Ainda do contra-ataque de Marques Guedes, Domingues responde que "sim" sobre a escuda de entregar a declaração sobre o património, do próprio, e dos membros que convidou para a administração, como condições para aceitação dos cargos.

O ex vice-presidente do BPI garantiu ainda aos deputados que sobre o tema da sua contratação terá interagido com o Governo cerca de três vezes - aquando do convite; no verão porque havia pressão para acelerar a saída da anterior administração, e depois disso uma vez.

Banco público pagou 1,2 milhões à McKinsey e advogados em 4 meses

 A CGD) pagou 1,2 milhões de euros à McKinsey e ao escritório de advogados Campos Ferreira e Sá Carneiro pelos serviços de apoio na negociação com Bruxelas sobre a recapitalização do banco, revelou hoje António Domingues.
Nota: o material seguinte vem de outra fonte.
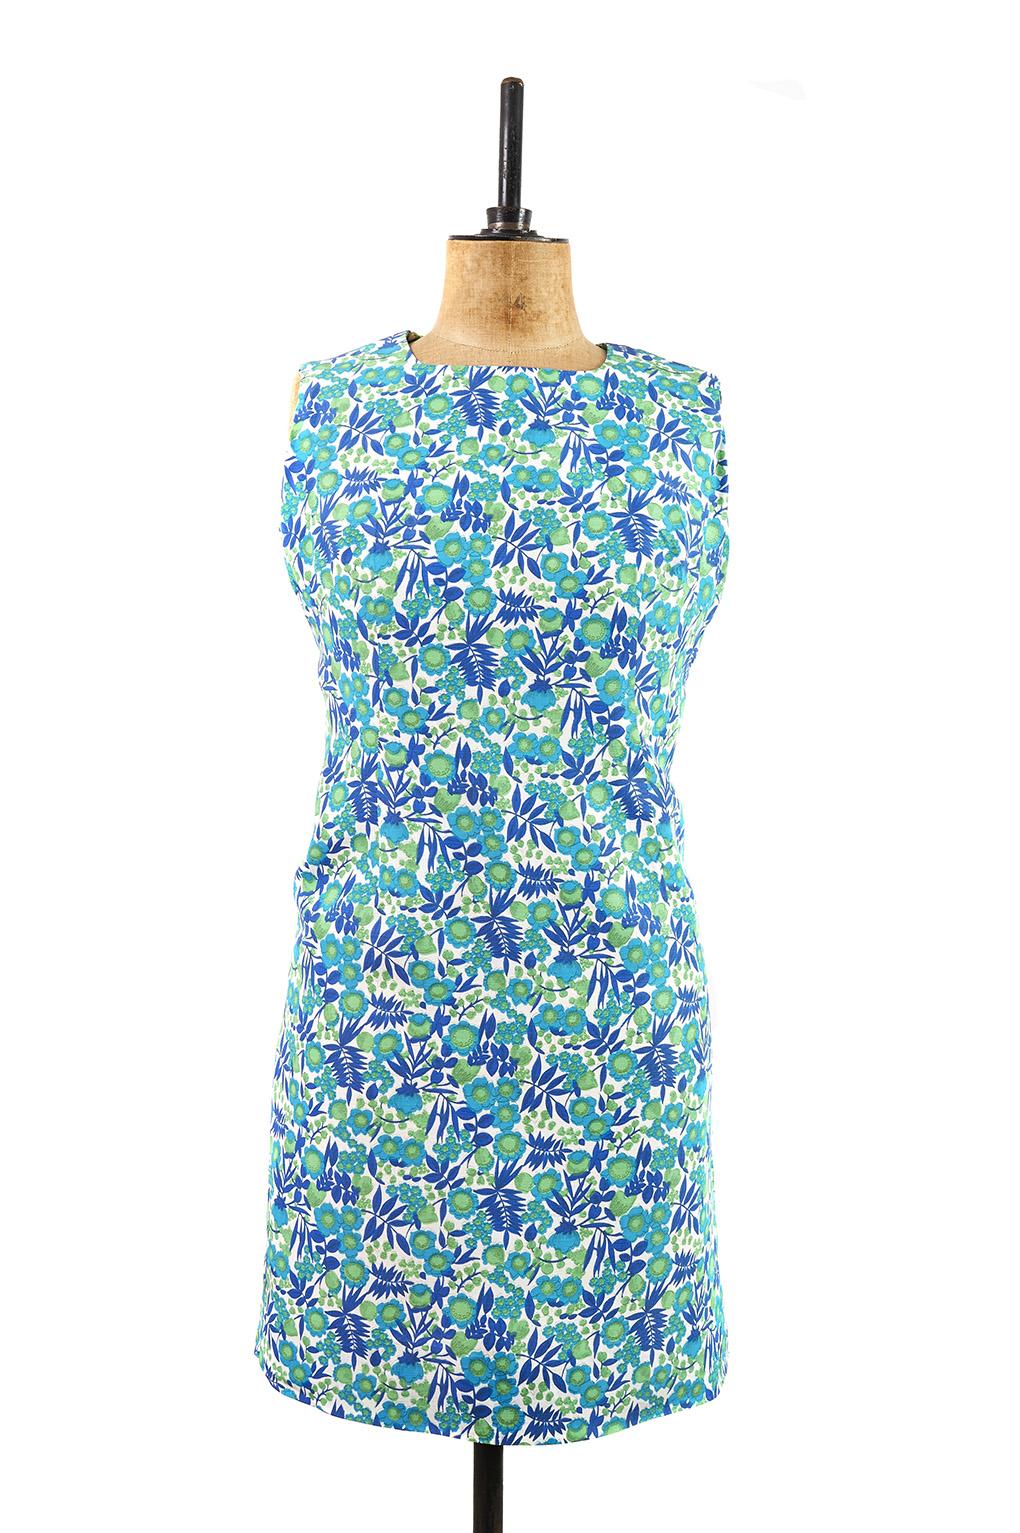 Bold Floral \'60s Shift Dress   Size 14 - Margot & Hesse

"Propus ao Governo que, de acordo com a minha experiência, as entidades mais adequadas para me apoiarem e constituírem equipa comigo era o escritório de advogados de Campos Ferreira e Sá Carneiro (CS Associados) e a McKinsey para as questões mais financeiras", afirmou o ex-presidente da CGD durante a audição. Assegurando que tal foi acertado com o ministro das Finanças e com o secretário de Estado do Tesouro.

Essas equipas não trabalharam para mim. Essas equipas trabalharam comigo para o Estado português", realçou o responsável, que foi alvo de críticas sobre estas escolhas.

 

O custo que essas auditorias tiveram, entre meados de abril e meados de agosto, ou seja, durante quatro meses, foi de 300 e poucos mil euros a sociedade de advogados e pouco mais de 900 mil euros à McKinsey", informou Domingues.

Marques Guedes contrapôs, citando documentos oficiais e atirou com valores completamente diferentes: pagamento de 810 mil euros os advogados e de cinco milhões de euros a McKinsey.

Os custos que eu mencionei são absolutamente rigorosos e referem-se ao trabalho desenvolvido durante quatro meses, no apoio que me foi dado a mim e ao Ministério das Finanças na negociação com Bruxelas", sublinhou Domingues.

E explicou a diferença nos valores que foram hoje colocados pela primeira vez em cima da mesa.

A pedido da direita, esta comissão vai investigar a troca de comunicações entre Centeno e Domingues. Mais concretamente as mensagens que foram proibidas na primeira comissão mas até agora o ex-presidente do banco público não disponibilizou qualquer sms porque, aparentemente, nem PSD nem o CDS-PP fizeram tal pedido.